» Provided records:
= = = = =

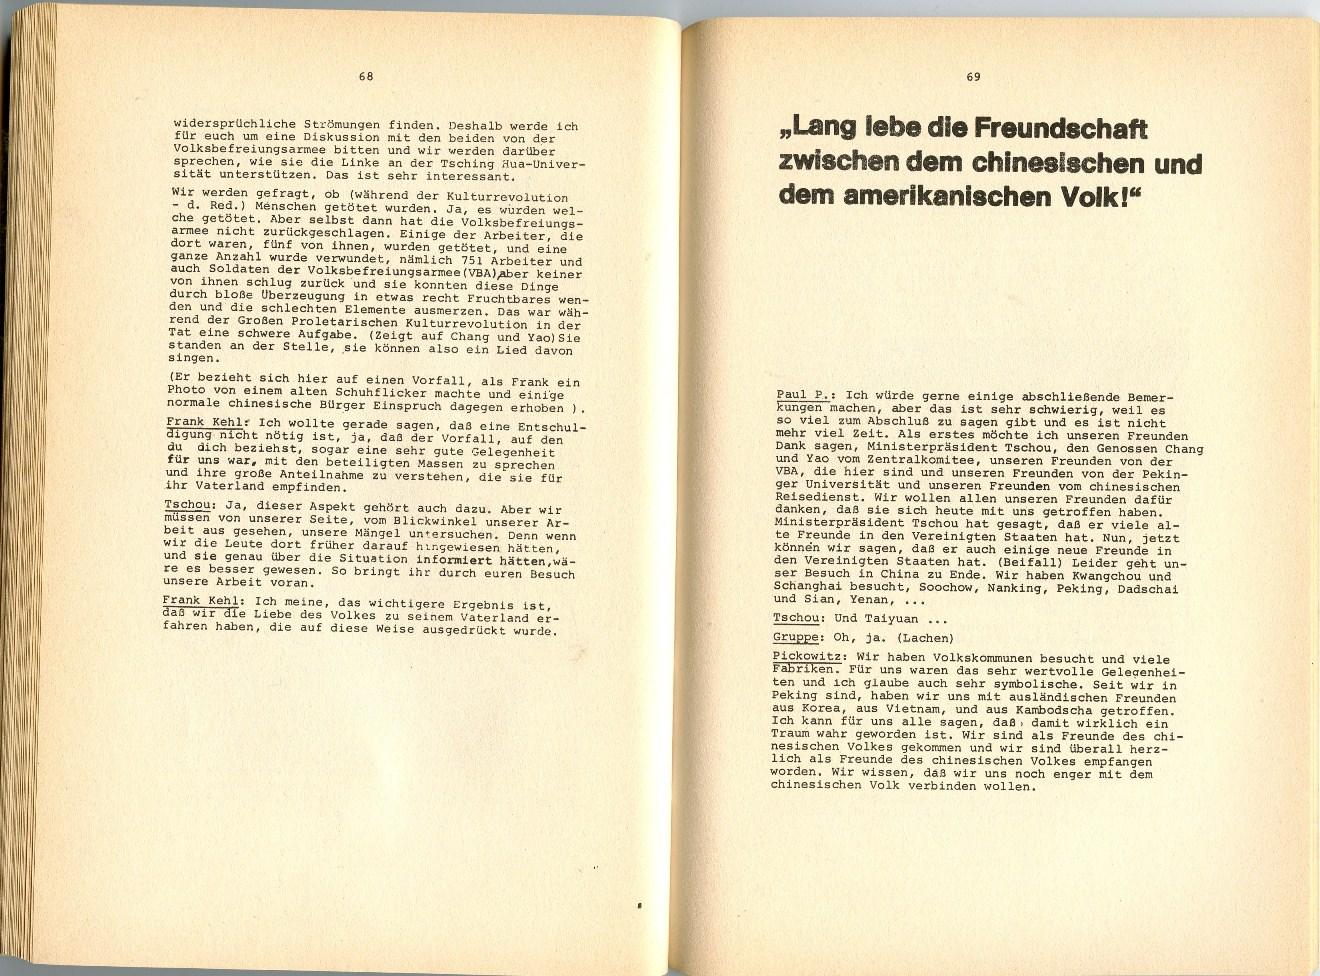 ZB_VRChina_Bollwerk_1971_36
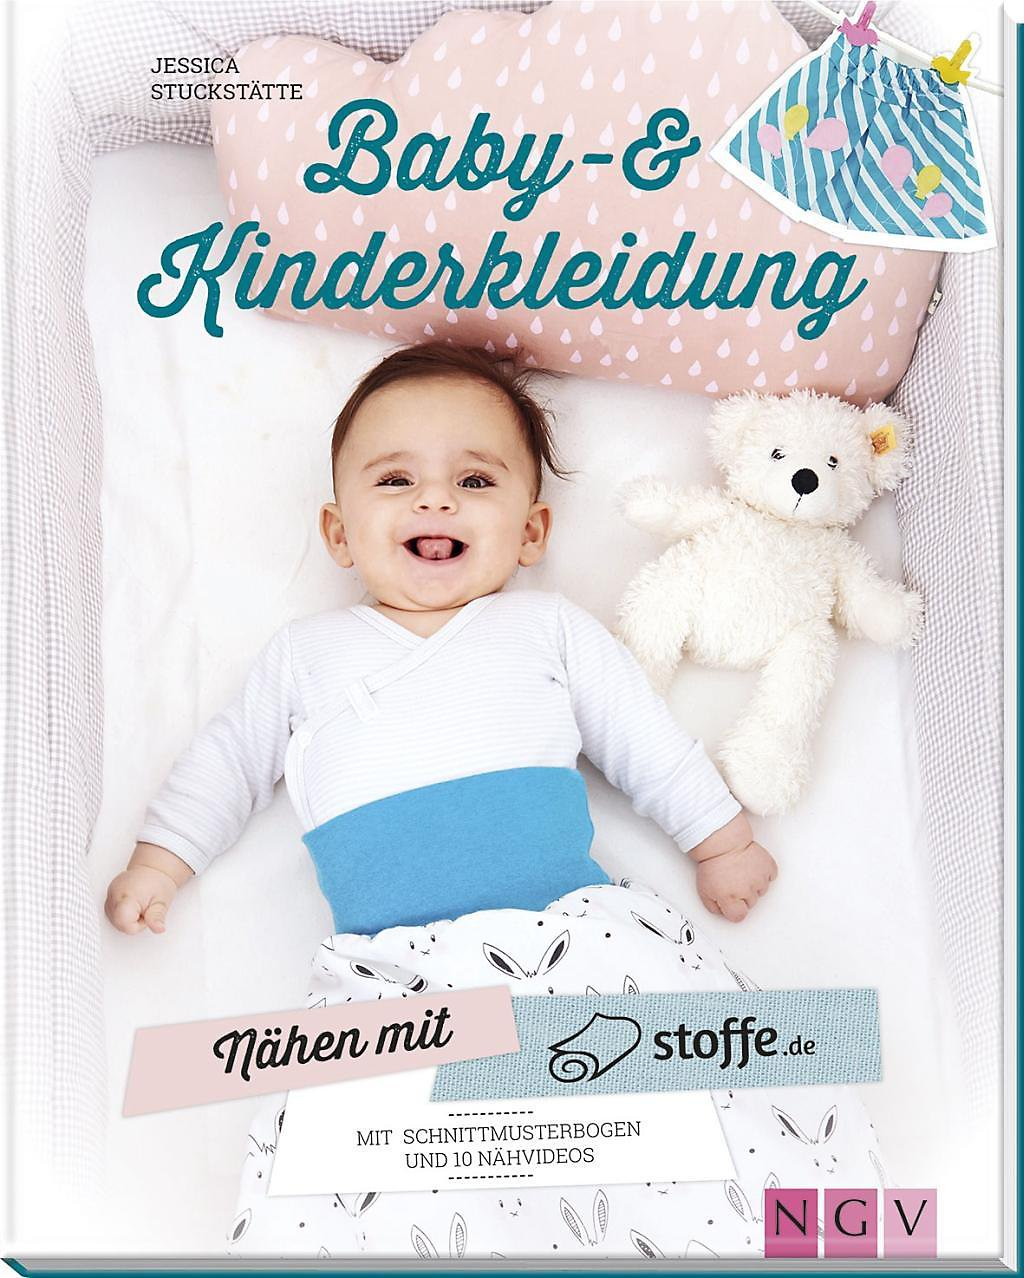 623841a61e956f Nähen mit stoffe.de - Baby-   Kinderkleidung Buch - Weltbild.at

= = = = =

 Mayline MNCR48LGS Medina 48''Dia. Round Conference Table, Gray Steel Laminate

= = = = =

» Problem requirements: Here the job is to copy the stretch of records from the line containing "ZB_VRChina_Bollwerk_1971_36" through the line containing "623841a61e956f Nähen mit", word for word. Leave every picture out.

» Exercise answer:
 ZB_VRChina_Bollwerk_1971_36
 623841a61e956f Nähen mit stoffe.de - Baby-   Kinderkleidung Buch - Weltbild.at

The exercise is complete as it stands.